Plus storage is so cheap now I don't see the point not using the best.
― Josh L, Saturday, 19 June 2010 08:36 (sixteen years ago)
using a piece of software named Fluke is just asking for your computer to blow up
― ksh, Saturday, 19 June 2010 13:24 (sixteen years ago)
I am now using a Cowon portable player, so I finally had an excuse to convert the remaining 700 or so albums in my hard drive that weren't in flac yet. typical format issues, the Cowon won't play AIFF or Apple Lossless, but it will play flacs. fwiw I can definitely tell, when something is on shuffle, whether it is MP3 or lossless. my opinion at this point is basically "fuck iTunes, fuck Apple and fuck their proprietary bs".
I might give Fluke a look, but I have so much damn music there's no way I can put it all into iTunes anyway. I might as well leave it in well organized folders, I can throw them into VLC to play or onto the portable to take to work.
― bug holocaust (sleeve), Saturday, 19 June 2010 13:36 (sixteen years ago)

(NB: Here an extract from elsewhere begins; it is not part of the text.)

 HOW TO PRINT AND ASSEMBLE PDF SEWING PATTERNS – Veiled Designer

Josh L - Since you own a Mac, you're likely comfortable with being stuck with Apple apps (I don't mean that in a snarky way). Nothing wrong with Apple Lossless. An old friend visited last weekend who's a Mac person. He brought an old 80G hard drive and a wantlist, and I simply set my dbpoweramp batch converter to convert from flac to Apple Lossless straight to his drive. Overnight he had a drive stuffed with music without a kb to spare.
PMP players - I still use my 6 year-old 1GB Samsung, which works fine as I only use it for a 40-50 min commute to work, mostly newly downloaded MP3 albums that I screen before deciding to buy or not. I've been waiting for a non-iPod player that both plays flac files and has more than 64GB capacity, and am still waiting. A digital out would be nice too so I can use a portable DAC/amp with good headphones for trips when I want some good sound quality.

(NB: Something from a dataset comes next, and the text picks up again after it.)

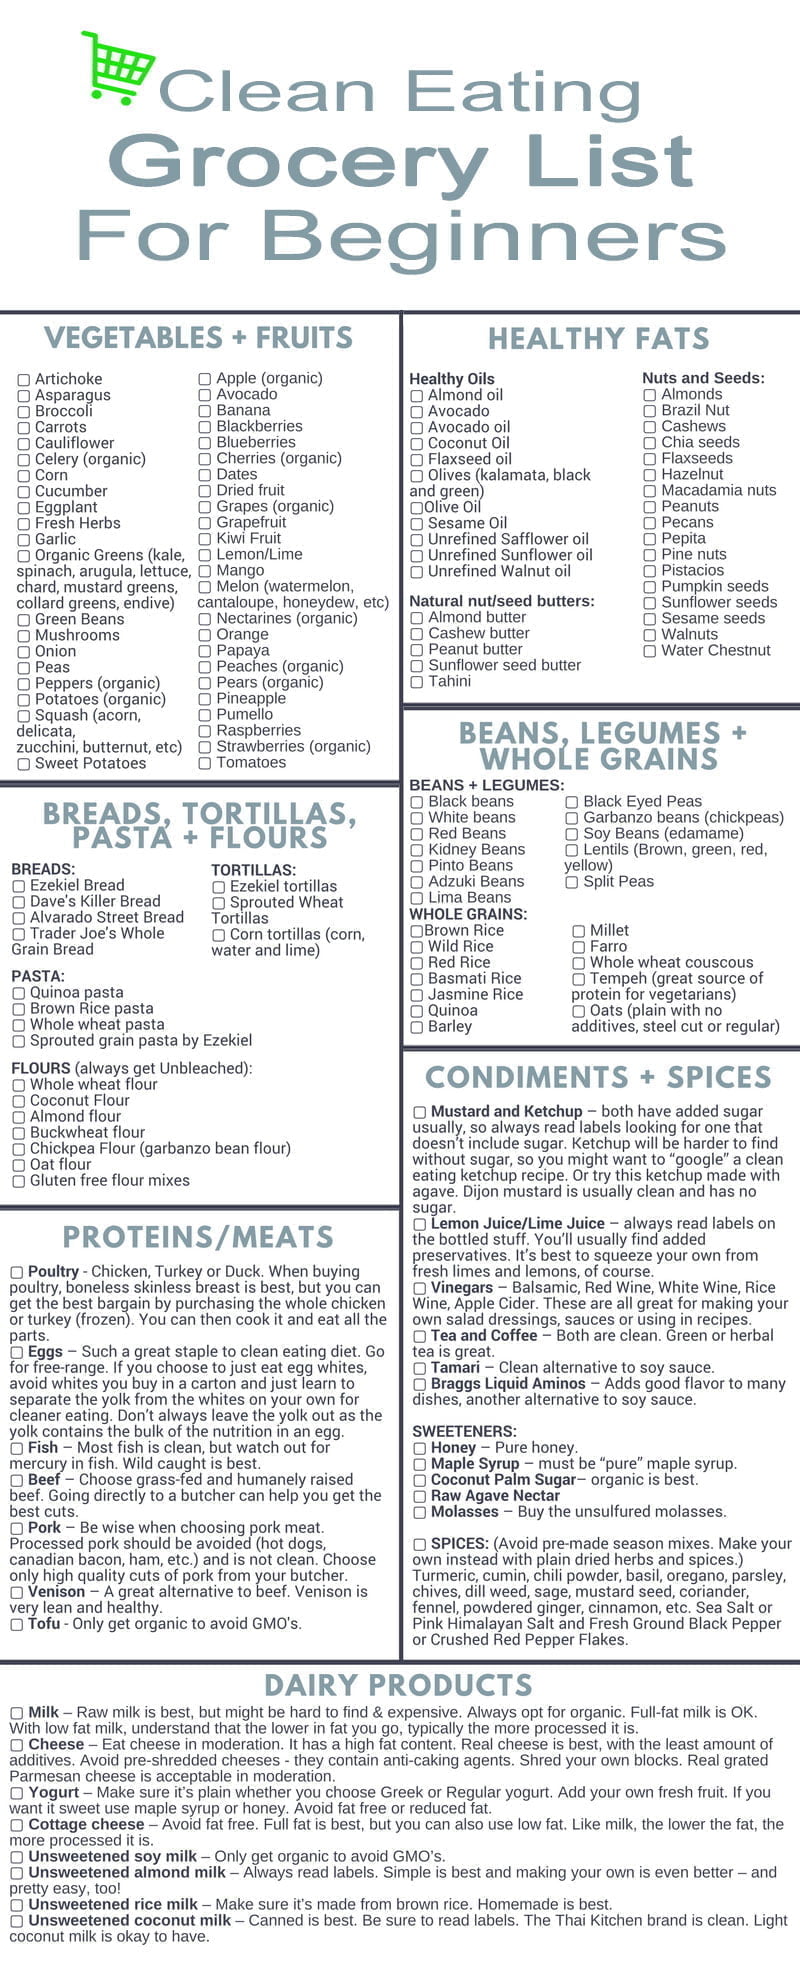 Clean-eating-grocery-list-products-women-should-buy-to-be-healthy

― Fastnbulbous, Saturday, 19 June 2010 15:05 (sixteen years ago)
Apple Lossless - it's not technically lossless. While a CDs can go up to 22000 Hz, Apple lossless actually compresses it to a high quality VBR that cuts off at 20000.
Not that it's really important at all, most people can't hear past that anyway... But it's still not lossless.

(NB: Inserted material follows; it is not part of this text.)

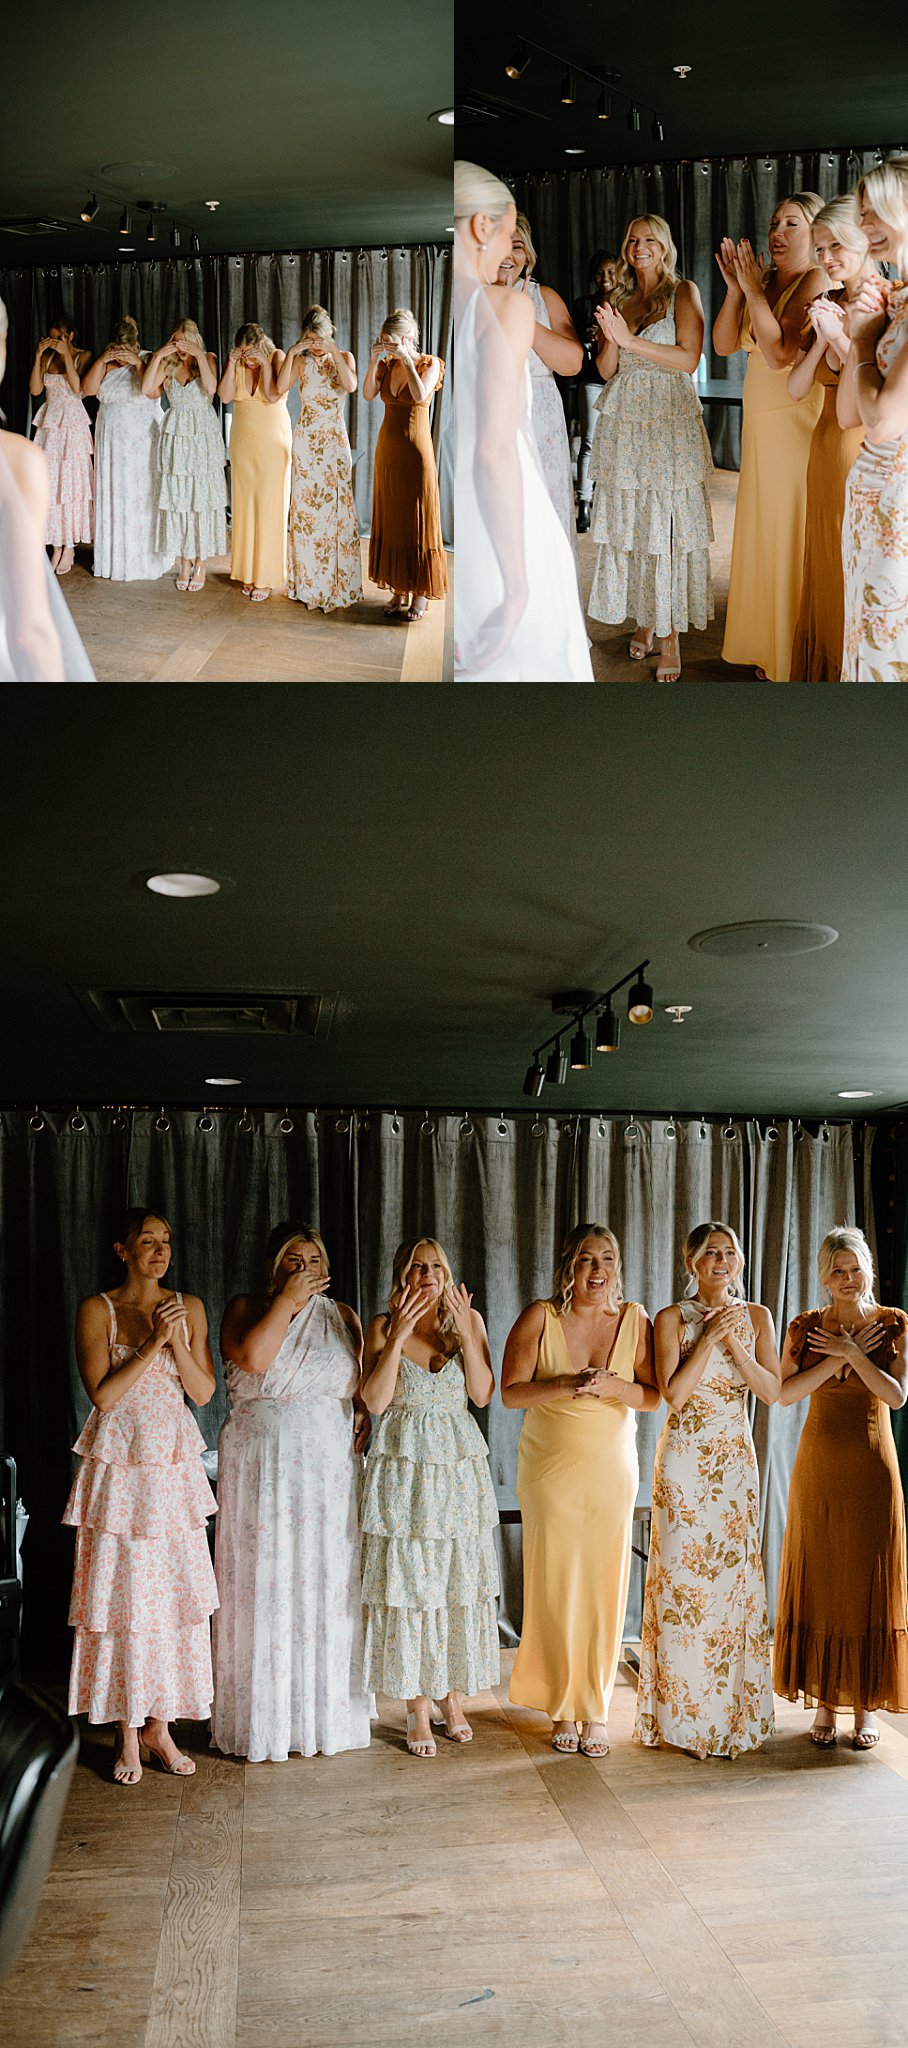 bridesmaids see the bride for the first time by Indigo Lace Collective

― PaulTMA, Saturday, 19 June 2010 15:20 (sixteen years ago)
any references for that claim?
― dyao, Saturday, 19 June 2010 15:27 (sixteen years ago)
When I download flac files I convert them to wavs using MacFlac prior to importing them into iTunes. I then convert them again to AAC within iTunes for listening – unless sound quality is such an issue that I really need the wavs, which is rare
― anagram, Saturday, 19 June 2010 19:28 (sixteen years ago)
Well technically no audio reproduction is lossless I guess, if that's what he means - but I imagine it's a bit of disinformation.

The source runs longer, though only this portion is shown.